THE TASK:
Every record below needs to be set down exactly. Pictures do not belong in the copy.

DATA IN THIS EXERCISE:
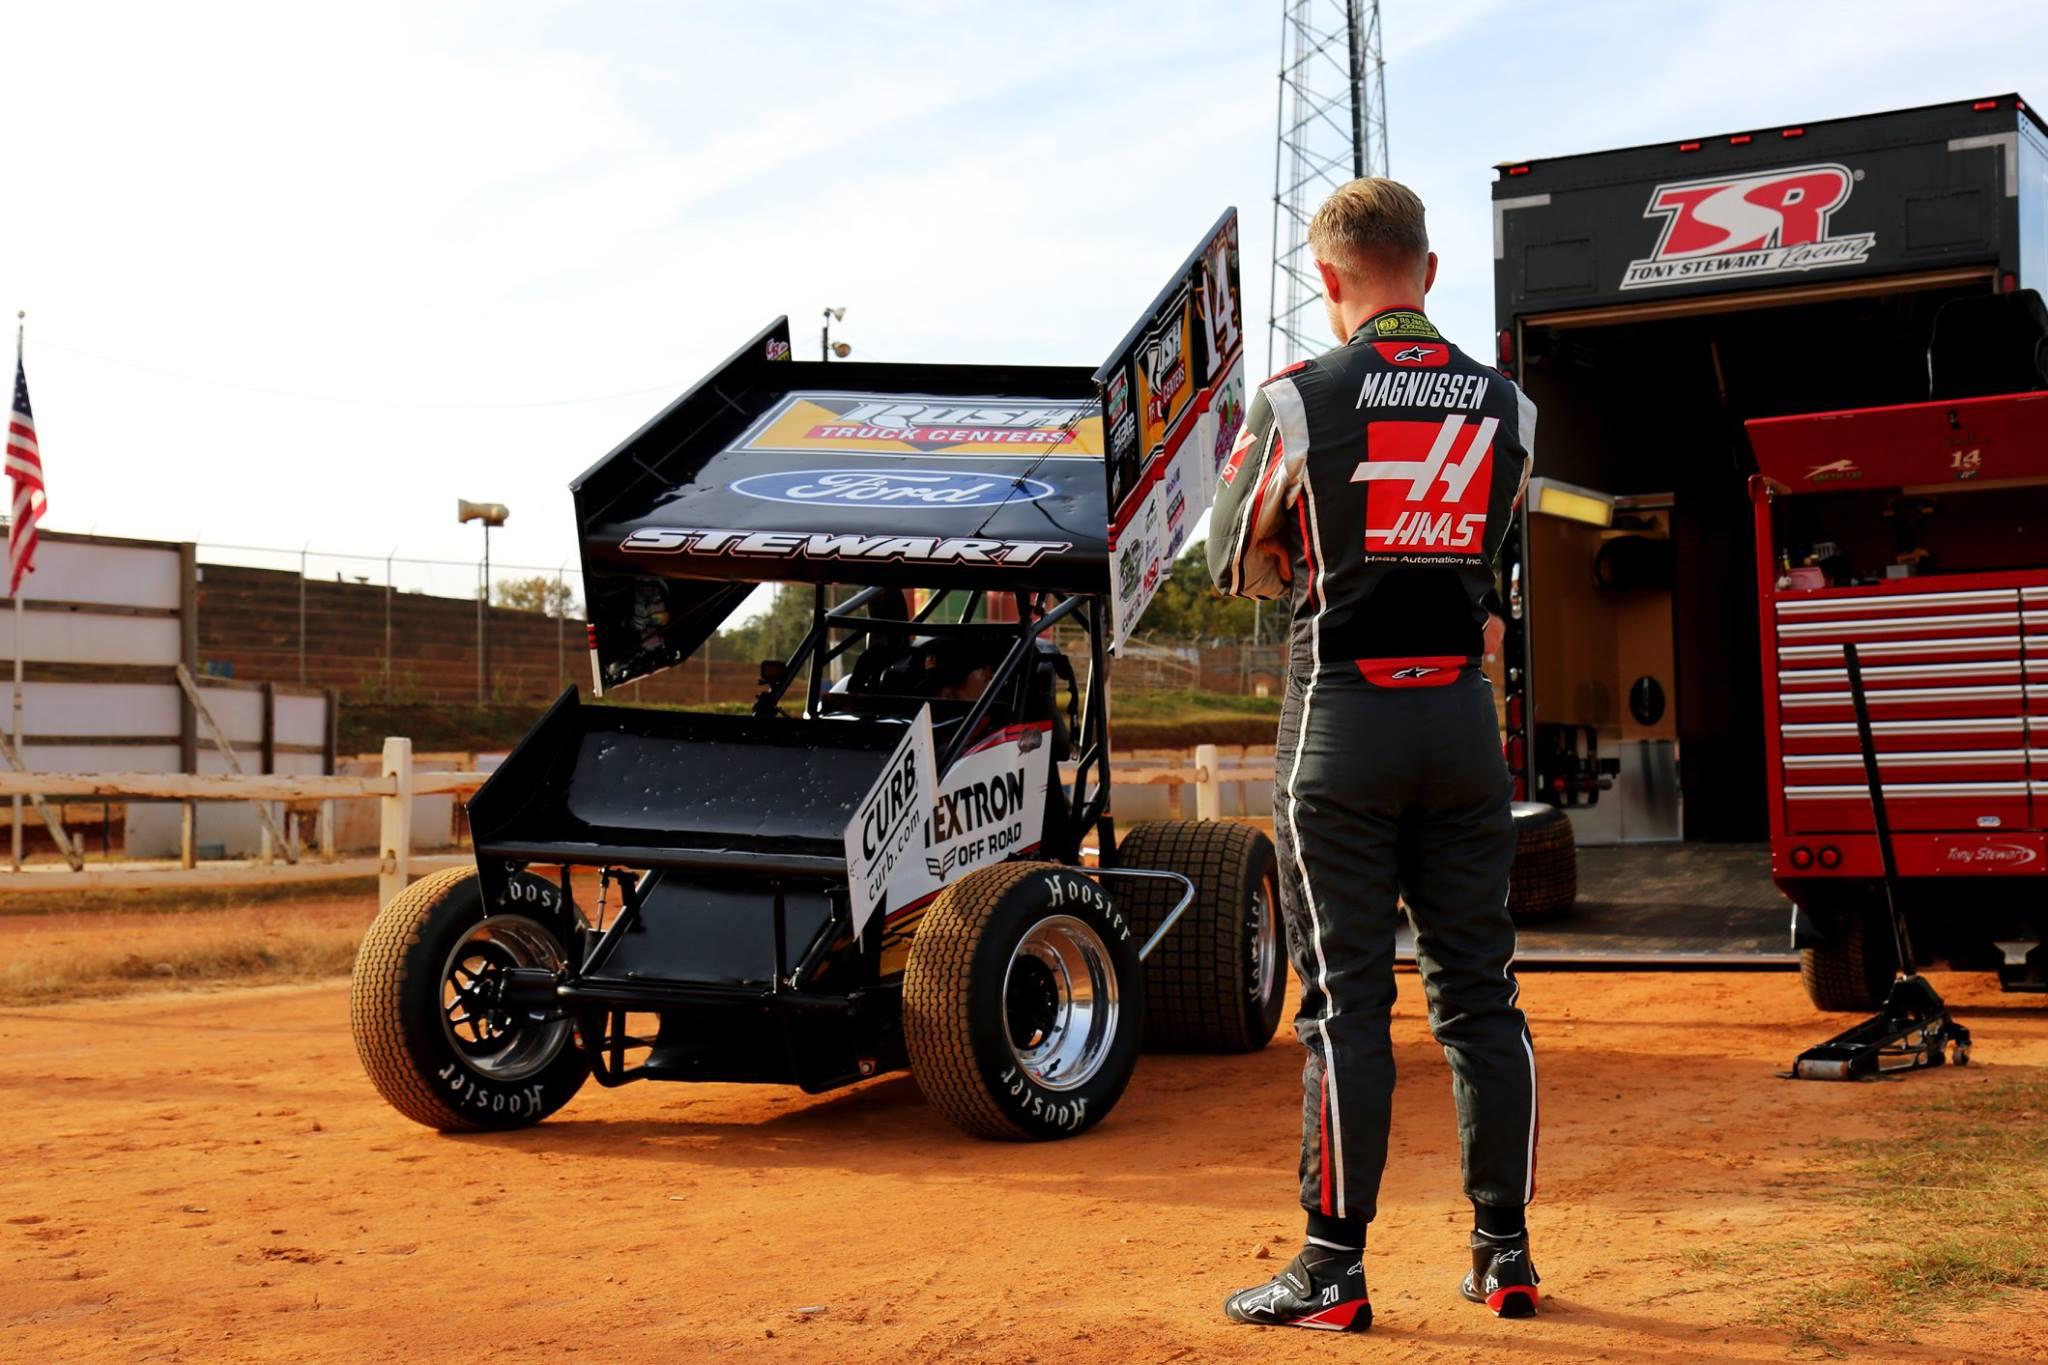 Kevin Magnussen drives the Stewart-Haas Racing sprint car at Carolina Speedway
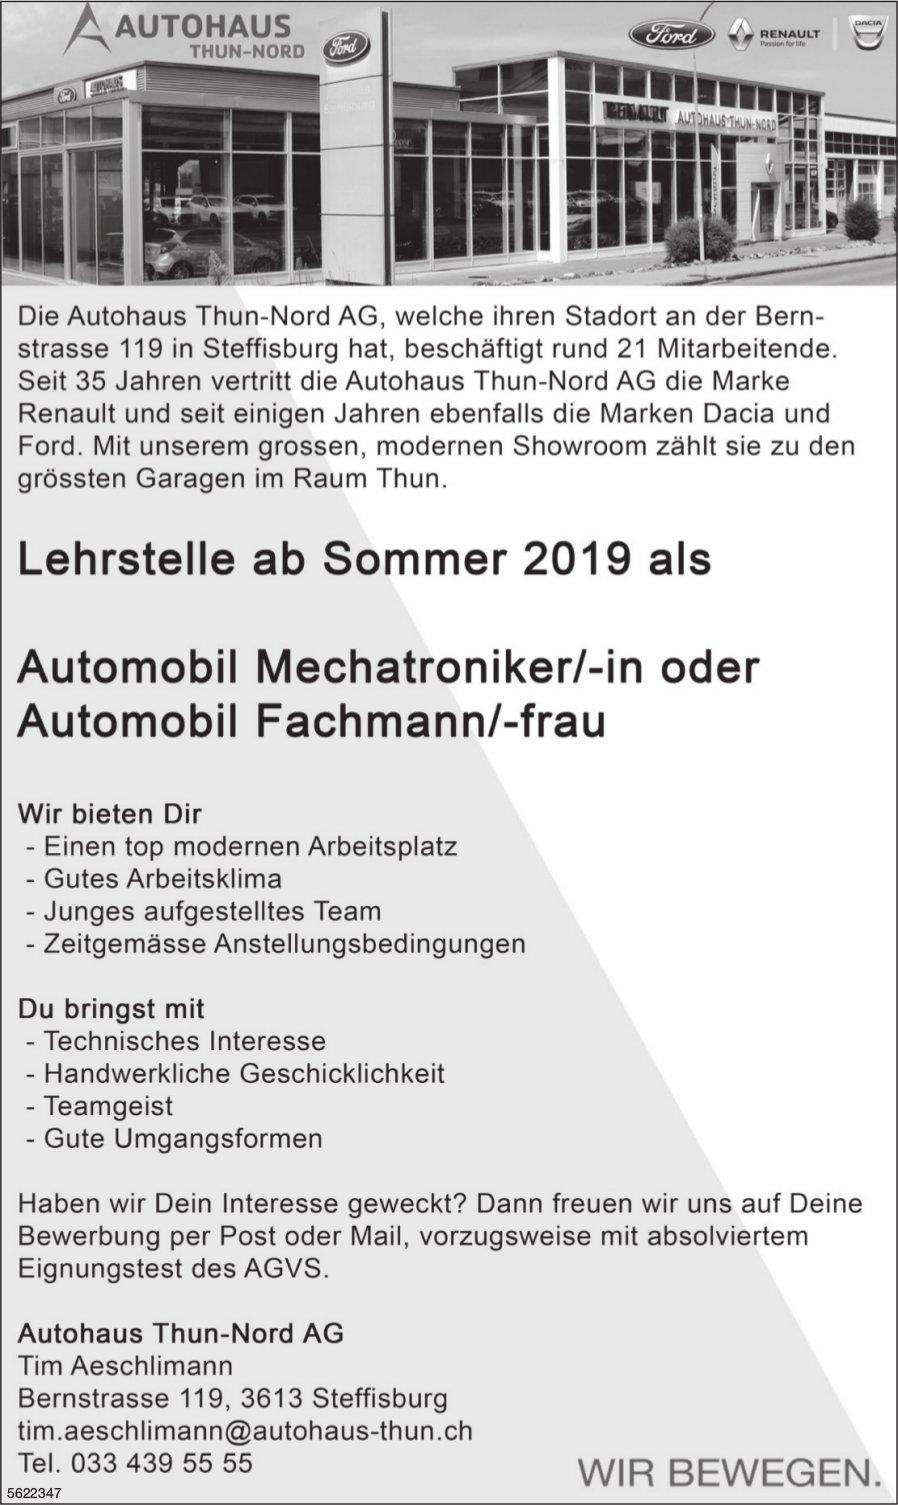 Lehrstelle als Automobil Mechatroniker/-in oder Automobil Fachmann/-frau, Autohaus Thun-Nord AG
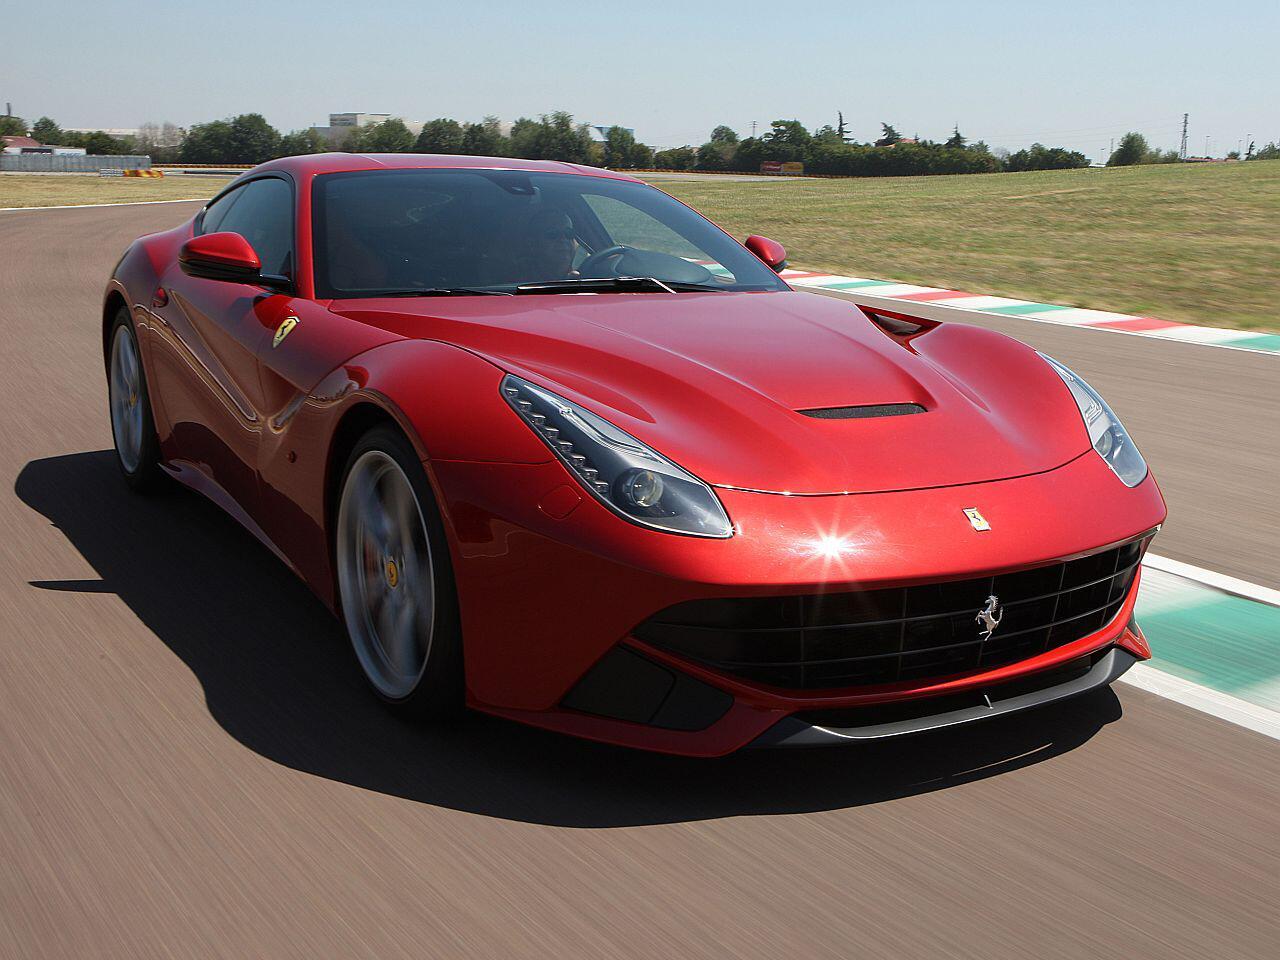 Bild zu Ferrari F12
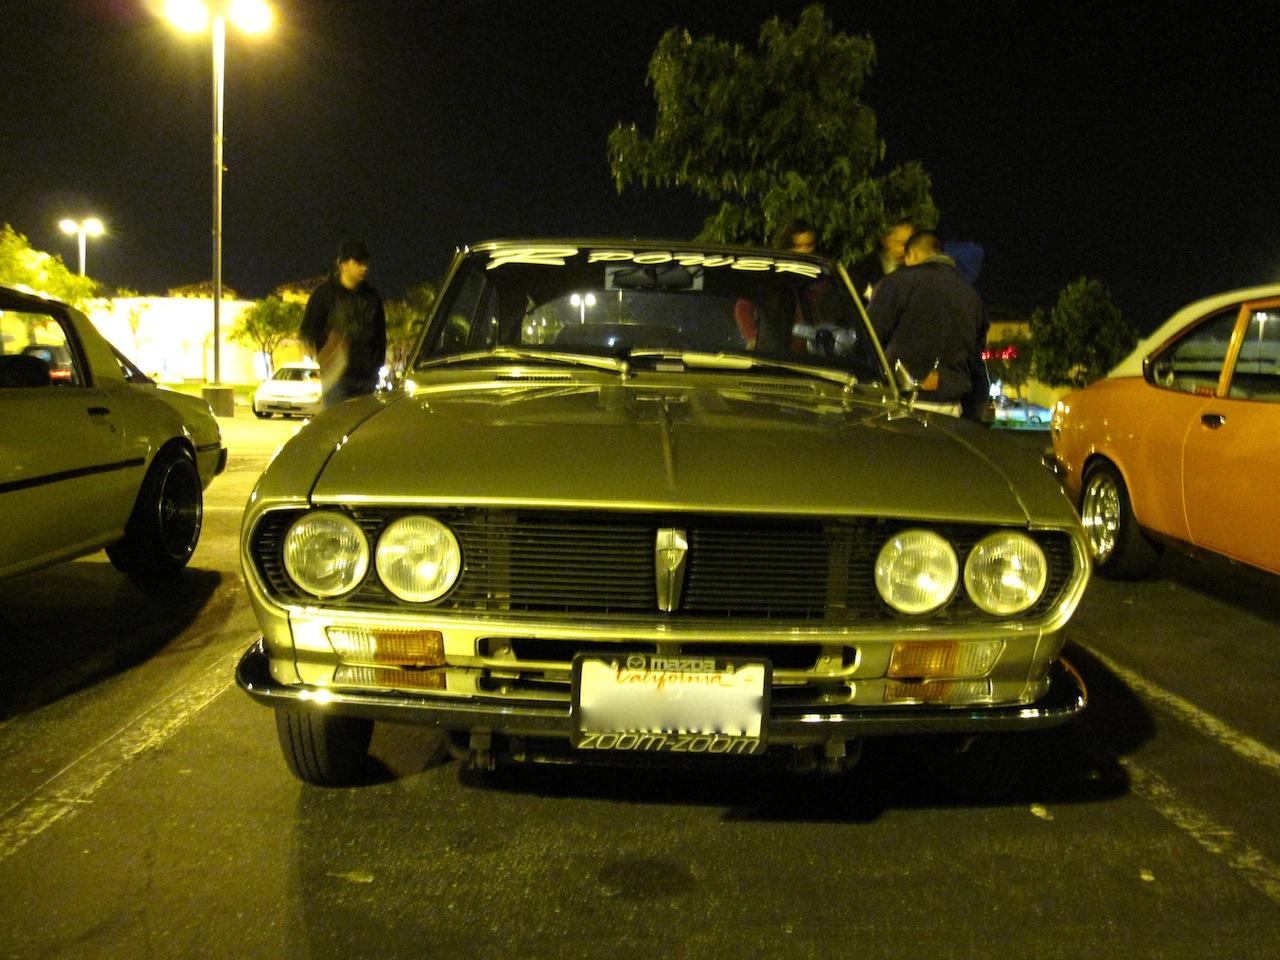 The Auto Fanatic: Japanese Nostalgic Car Meet
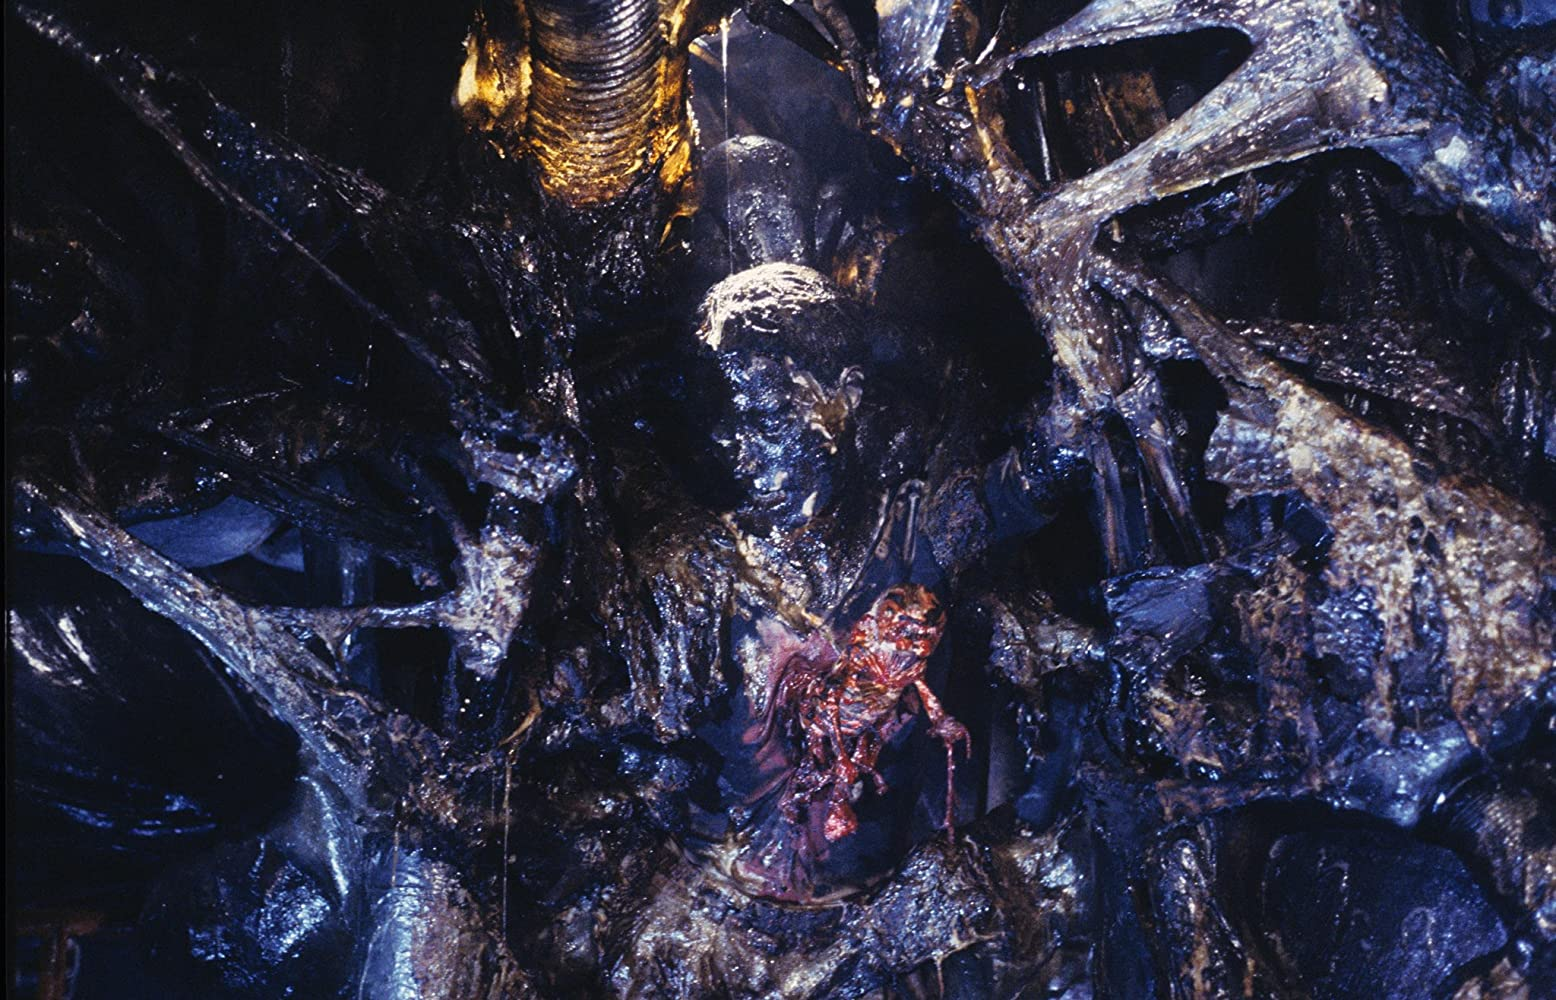 Barbara Coles in Aliens (1986)

RESULT BELOW:
 Kevin Magnussen drives the Stewart-Haas Racing sprint car at Carolina Speedway
 Lehrstelle als Automobil Mechatroniker/-in oder Automobil Fachmann/-frau, Autohaus Thun-Nord AG
 Bild zu Ferrari F12
 The Auto Fanatic: Japanese Nostalgic Car Meet
 Barbara Coles in Aliens (1986)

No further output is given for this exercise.